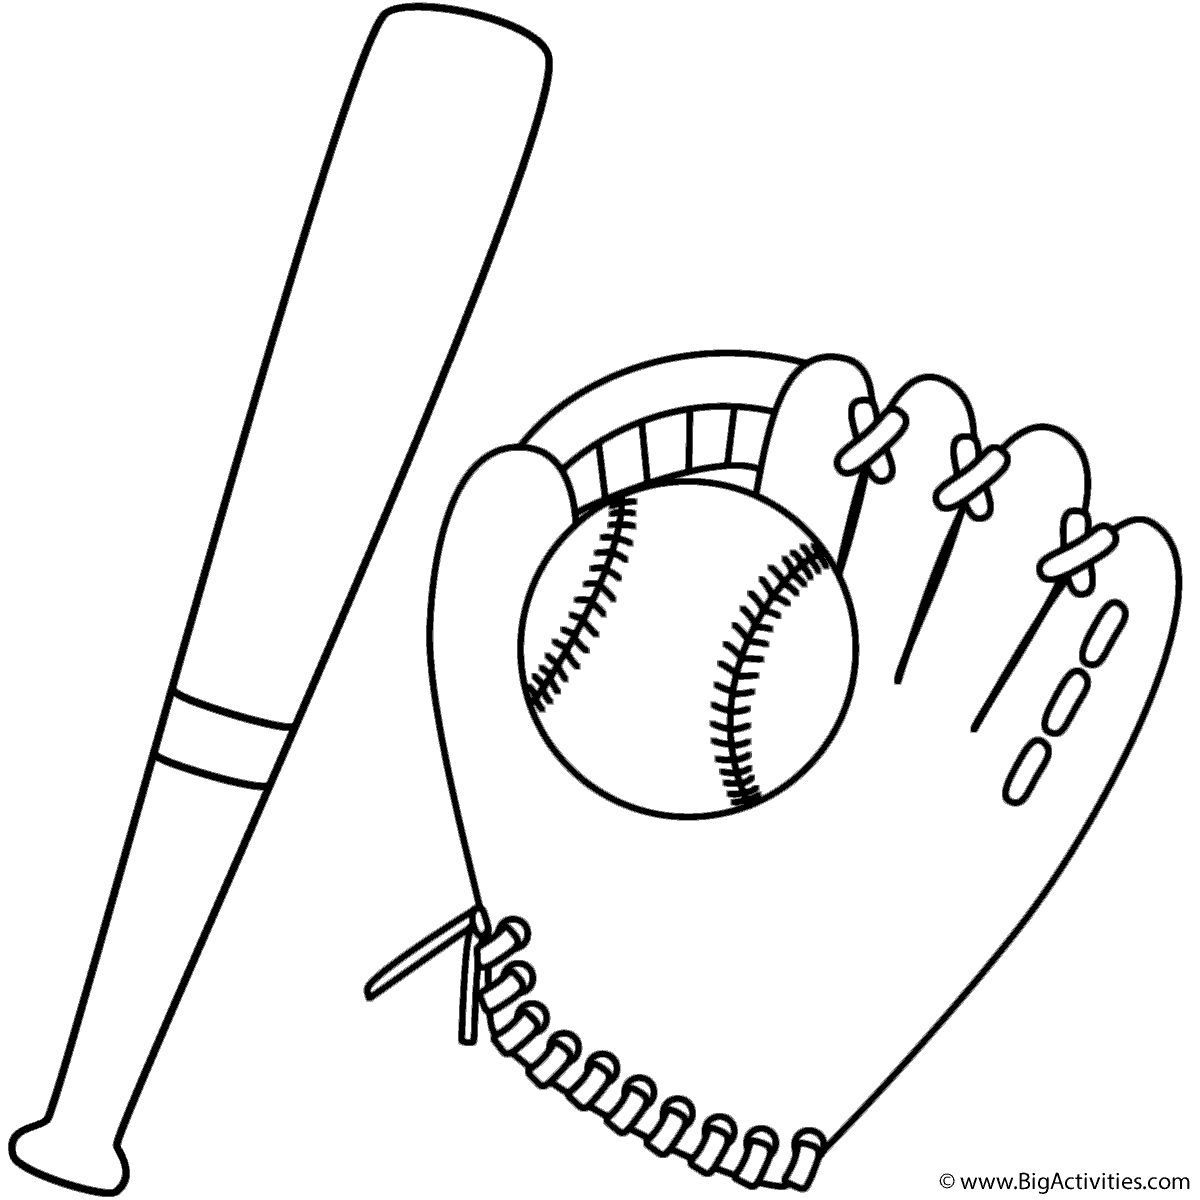 Bat and Baseball in Glove - Coloring Page (Sports)
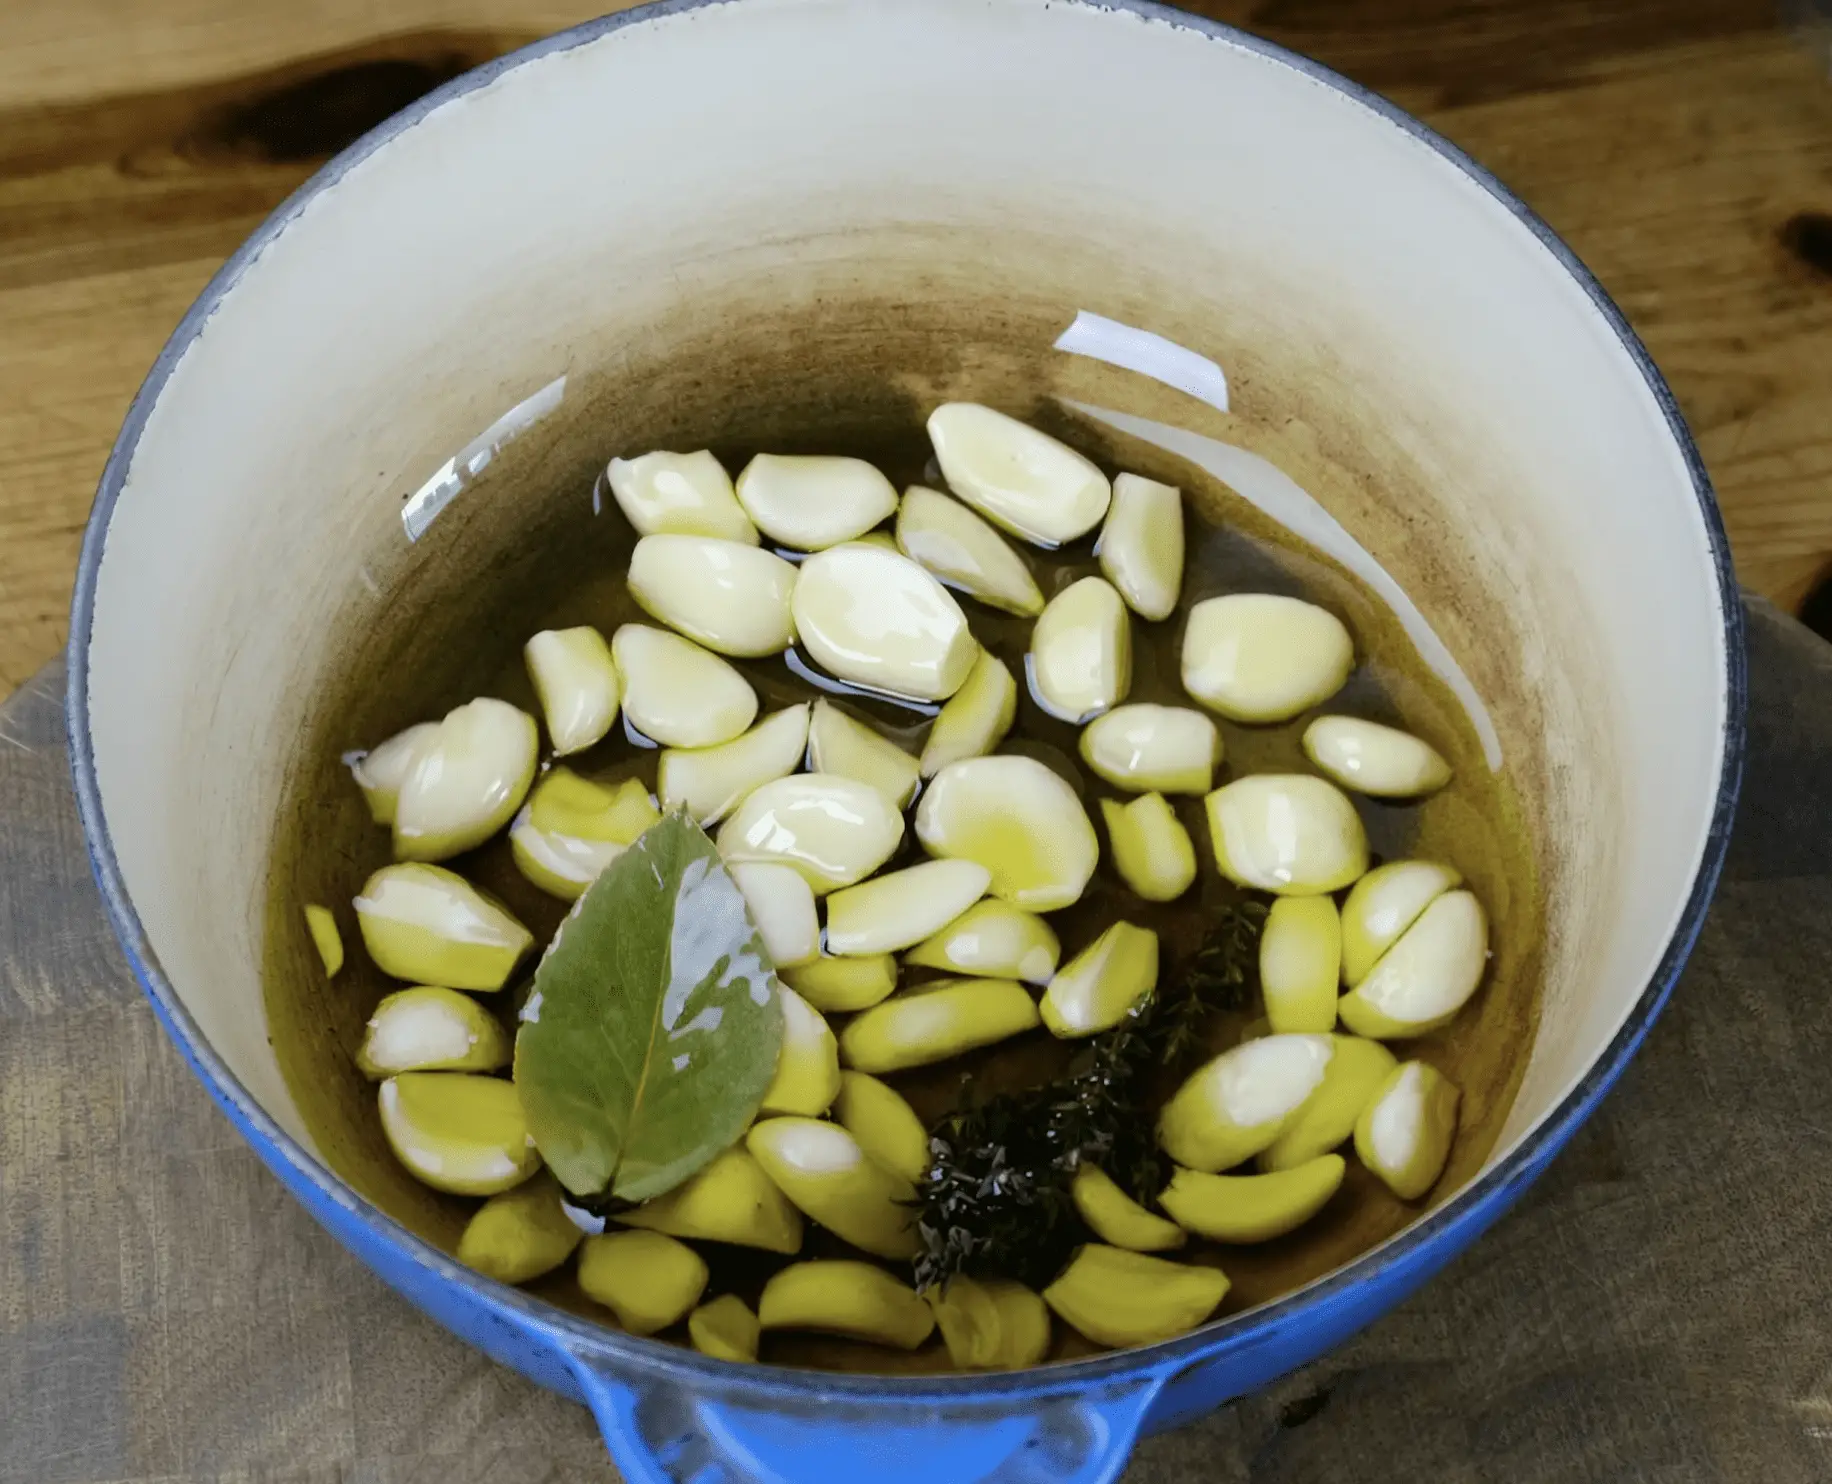 Garlic Confit before cooking
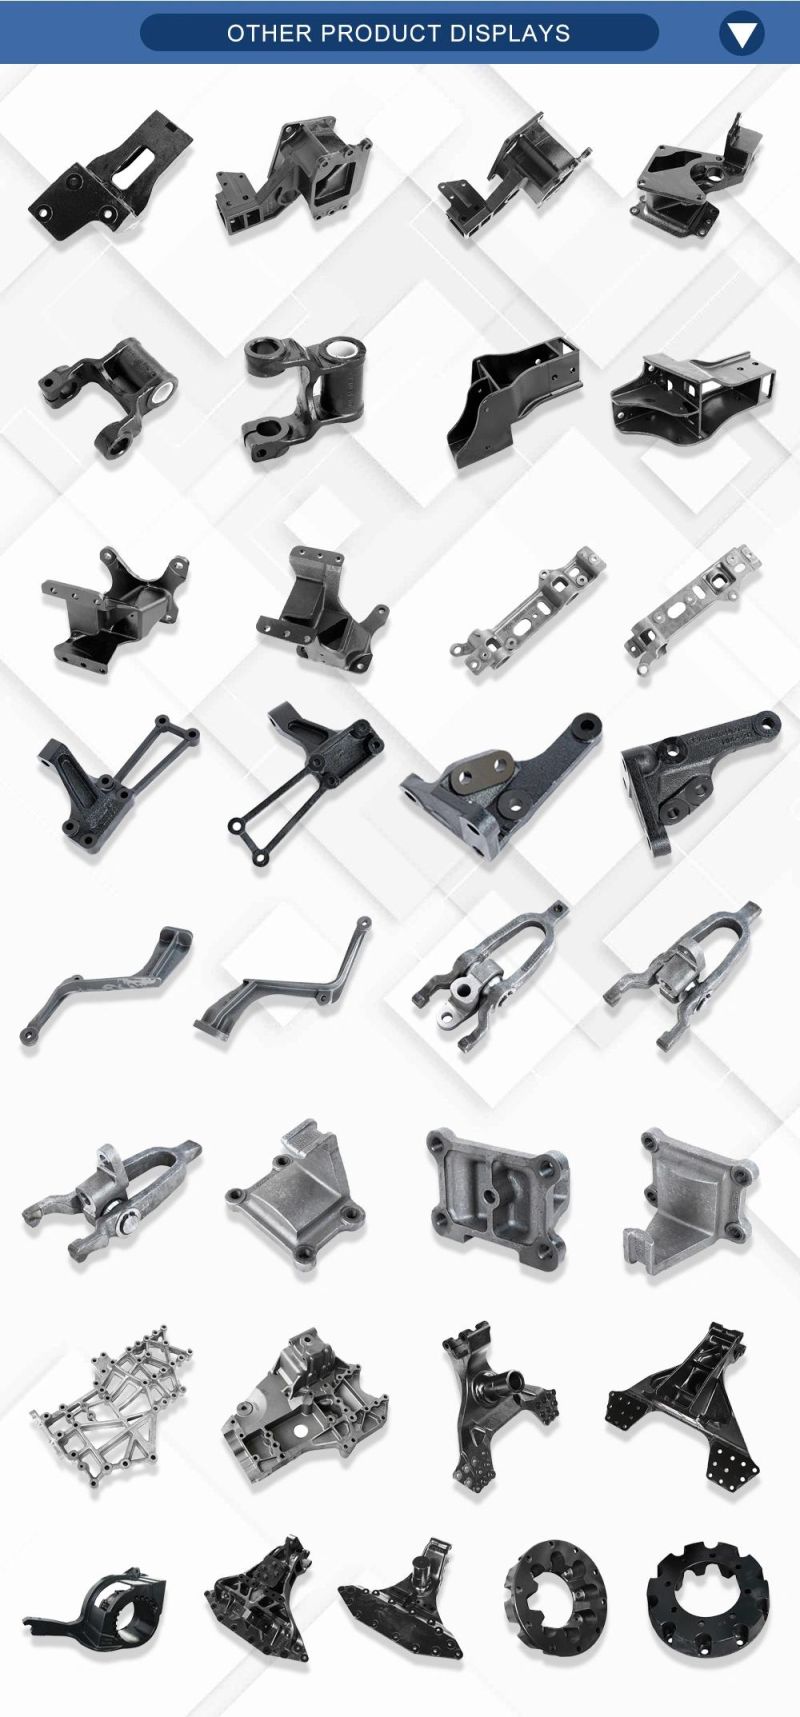 Customized Cast Iron Truck Parts of Different Materials

» Exercise requirements
An exact copy of all the data above is required; omit any pictures.

» Answer to this exercise
 Bat and Baseball in Glove - Coloring Page (Sports)
 Garlic Confit before cooking
 Customized Cast Iron Truck Parts of Different Materials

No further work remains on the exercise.